Мои опыты сильно укрепили мой дух, и я все смелее и смелее стал искать ответ на мучивший меня вопрос: почему чистая поэзия мне так не по душе? Почему? Не по тем ли самым причинам, по которым мне не нравится чистый сахар, сахар как таковой? Сахар хорош для подслащивания кофе, а не для того, чтобы есть его ложкой с тарелки, как кашу. В чистой, рифмованной поэзии меня удручает чрезмерность: чрезмерность поэзии, чрезмерность поэтических слов, чрезмерность метафор, чрезмерность благородства, чрезмерность сконцентрированности и очищенности от всякого рода антипоэтических элементов наконец, что и делает стихи похожими на химический продукт.
Пение — очень высокая форма самовыражения… Но за много веков наплодилось столько певцов, вынужденных во время пения принимать позу певца, что эта поза все более и более деревенела. Один певец заводил другого, один поддерживал другого в становившейся все более и более исступленной певческой отрешенности: ба! да они уже не для толпы поют — один поет для другого; и вот между ними на путях беспрестанного соперничества, постоянного совершенствования в пении сама собой воздвиглась пирамида, вершина которой достает до небес, на которую мы смотрим снизу вверх, возведя очи горе. То, что должно было быть мимолетным всплеском прозы, стало программой, системой, профессией (сегодня можно стать Поэтом точно так же, как становятся инженером или врачом). Стих разросся до жутких размеров, и уже не мы им управляем, а он правит нами. Поэты стали рабами, и мы могли бы определить поэта как существо, которое больше не может выражать себя, поскольку он должен выражать Стихотворение.

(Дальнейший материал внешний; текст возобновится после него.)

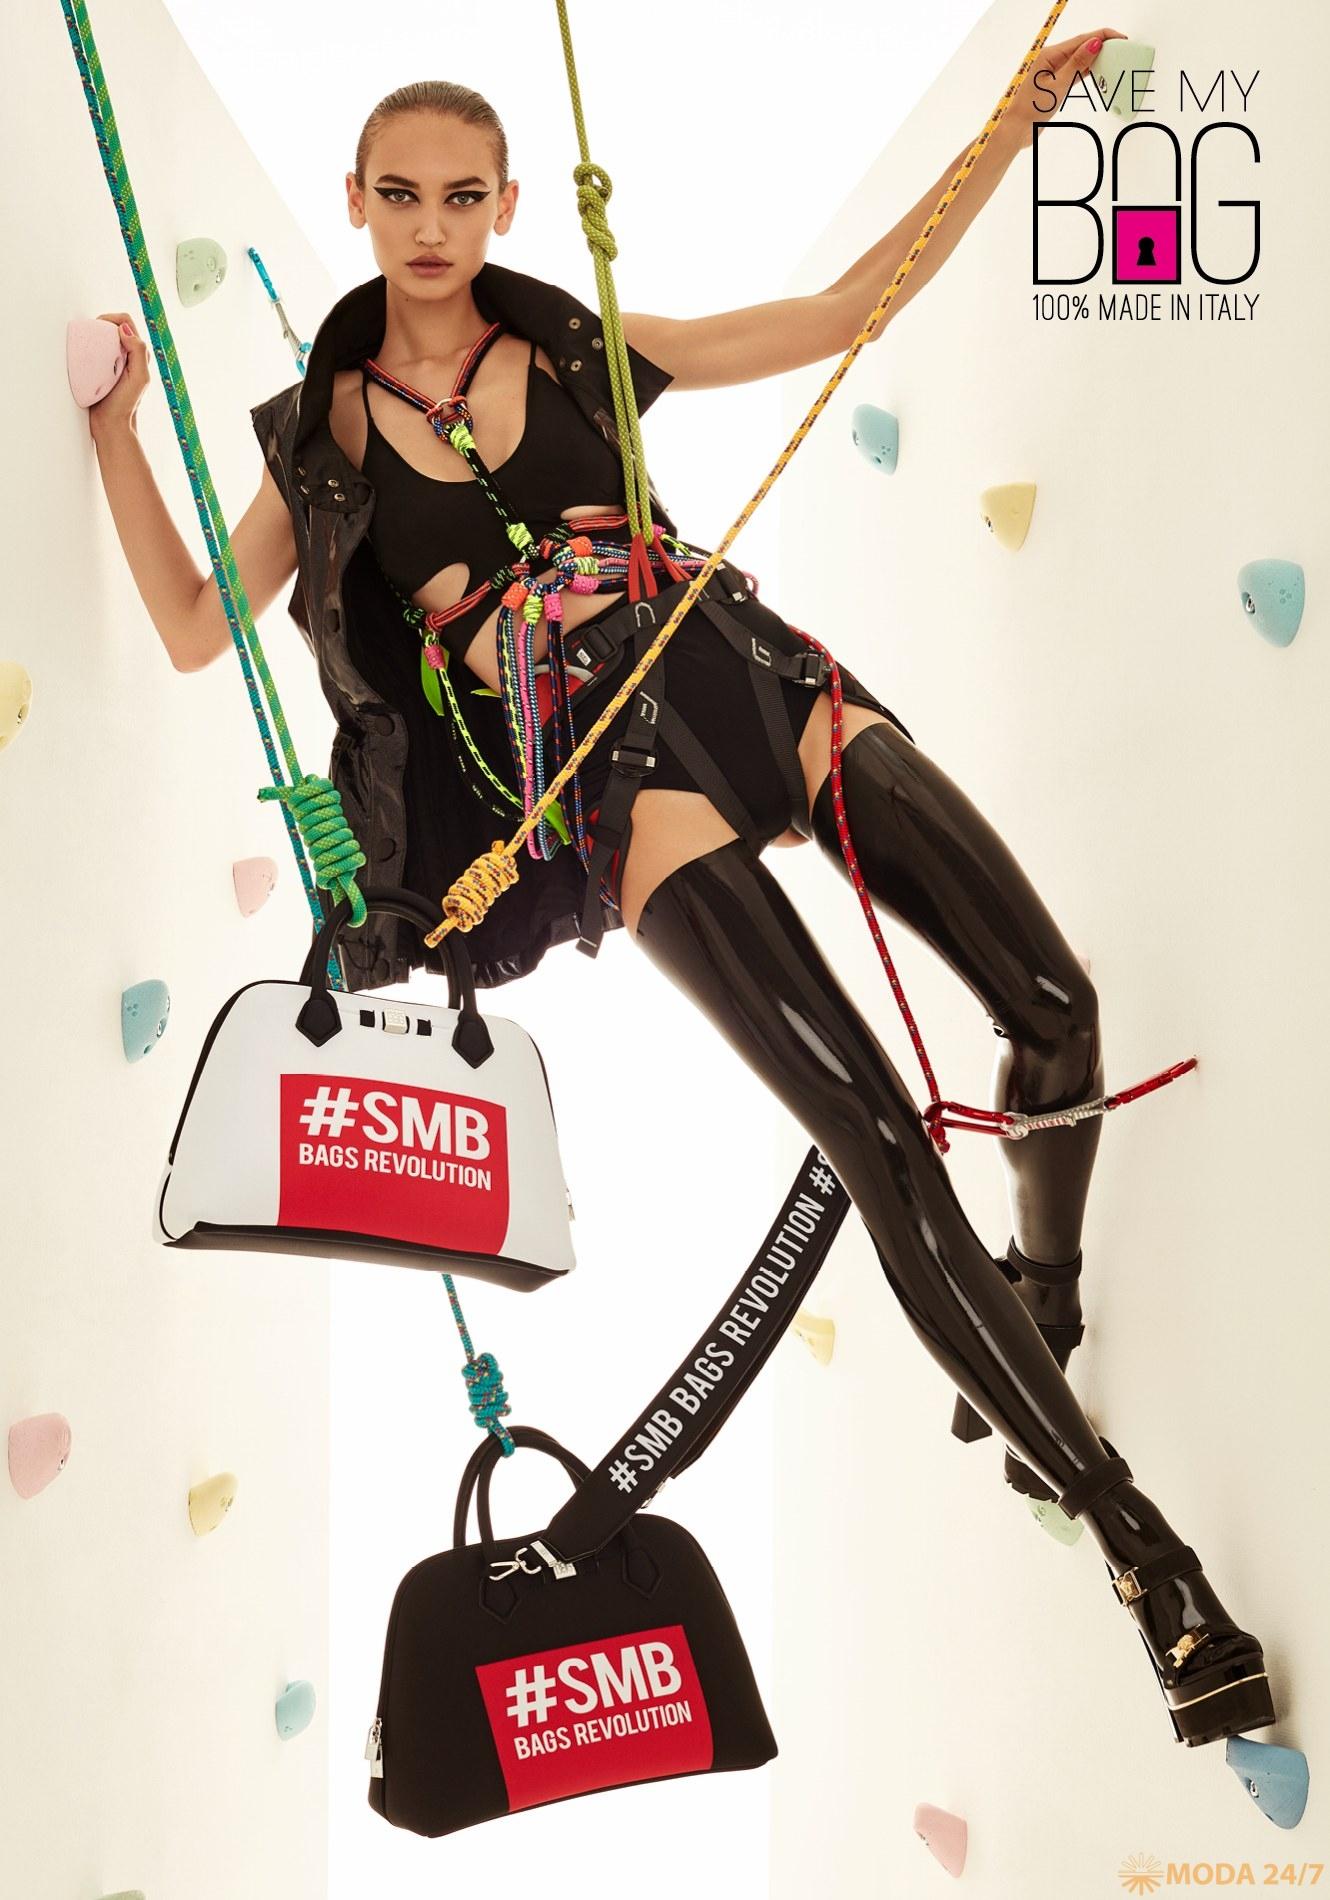 Сумки PRINCESS MIDI Save My Bag с хештегом #SMB. Save My Bag AW-2018/19 (осень-зима 2018/19)

А ведь, наверное, в искусстве не может быть задачи более важной, чем самовыражение. Мы никогда не должны терять из виду той истины, что всякий стиль, всякая определенная поза формируются путем отбора и являются по сути дела обеднением. Поэтому мы никогда не должны позволять какой бы то ни было позе слишком сильно ограничивать наши возможности и становиться кляпом у нас во рту, а уж когда речь идет о такой искусственной, более того — претенциозной позе, как поза «певца», нам тем более следует быть начеку. Однако мы — как это было до сих пор в том, что касается искусства, — значительно больше стараний и времени посвящаем самосовершенствованию в том или ином стиле, в том или ином образе, позе, чем сохранению по отношению к ним внутренней суверенности и свободы, выработке правильного отношения между нами и нашей позой. Создается такое впечатление, что Форма является для нас ценностью как таковой, вне зависимости от того, насколько она обогащает или обедняет нас. Мы самозабвенно совершенствуем искусство, но нимало не смущаемся вопросом, до какой степени оно еще хранит связь с нами. Мы лелеем Поэзию, несмотря на то, что прекрасное не обязательно должно быть «к лицу». Стало быть, если мы хотим, чтобы культура окончательно не потеряла все связи с человеческой личностью, мы должны иногда прерывать наше наполненное трудами творчество и проверять, выражает ли нас то, что мы создаем.